Через пару минут взаимного восхищения Мечеслав удосужился представить эпатажной хозяйке своих спутников. Оказалось, что Владимира Виолетта даже читала, а вот обо мне, к сожалению, не слышала, но уверена, что скоро обязательно услышит. Мне бы ее уверенность.

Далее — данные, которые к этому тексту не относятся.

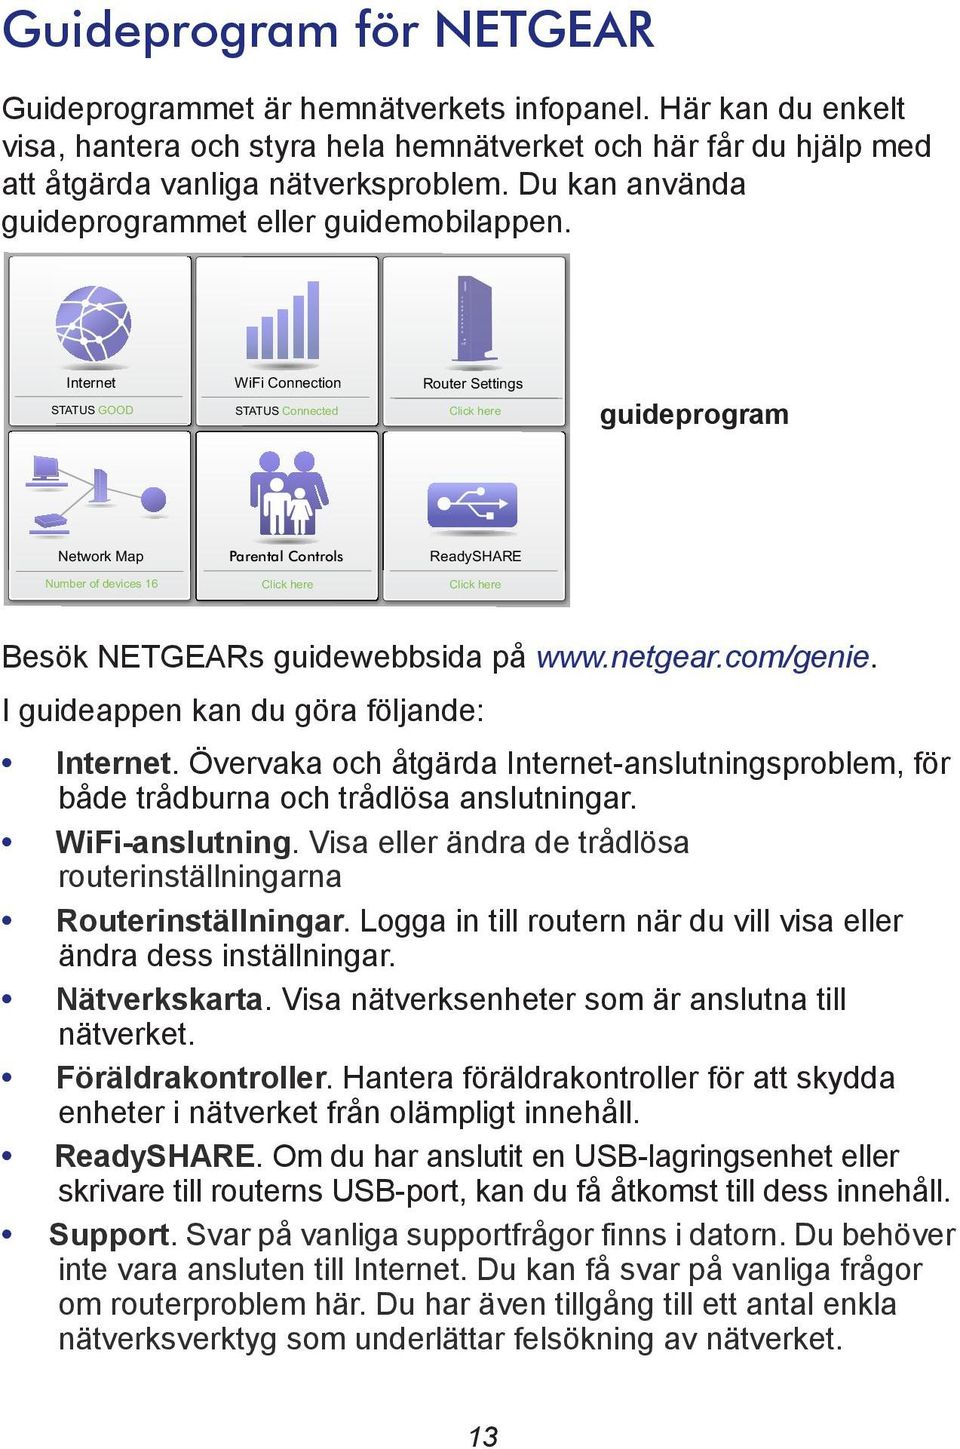 Internet STATUS GOOD WiFi Connection STATUS Connected Router Settings Click here guideprogram Network Map Parental Controls ReadySHARE Number of devices 16 Click here Click here Besök NETGEARs

А потом в головы ударил джаз, дым, смех. В большой комнате-студии веселилось десятка полтора человек. Трезвых здесь не было. Здесь они были ни к чему. Виолетта громко отрекомендовала нас обществу и утащила Мечеслава знакомиться с неким «невероятно интересным человеком». Безладов отправился на поиски алкоголя, а я подошел к небольшому столу, за которым ютились несколько картежников.

За столом шла партия в преферанс, и велся ленивый, но едкий спор о религии. Хотя нет, не о религии даже – о вере. Интереснейшее человеческое свойство – верить. Во что? Да во все. В вечную жизнь, в высший разум, в заселенные небеса, в сусликов-вампиров. Вера спасает от обыденности, от одиночества, от пустоты завтрашнего дня. Мгновенно делает тебя избранным. Только ты и твои грезы. Грезы, которые всегда с тобой. Которые никогда не предадут. Быть может, если только ты станешь немного умнее. Или немного циничней. К сожалению, одно часто приходит на помощь другому.

Лысоватый бородач с серьгой в ухе взял прикуп, выругался и бросил карты обратно. Однако спор, несмотря ни на что, продолжил.

– Бог есть, Аркаша! Ведь не может же он нас оставить один на один с дьяволом! А относительно присутствия дьявола у меня существуют совершенно неопровержимые доказательства.

– И какие же?

– Тебе еще раз показать прикуп? Шесть червей!

Упомянутый Аркаша возмущенно махнул рукой и с видимым удовольствием завистовал. Похоже, для бородатого наступали не лучшие времена. Он еще раз жалобно посмотрел в свои карты и сделал глоток из стоящего рядом бокала с чем-то очень похожим на коньяк.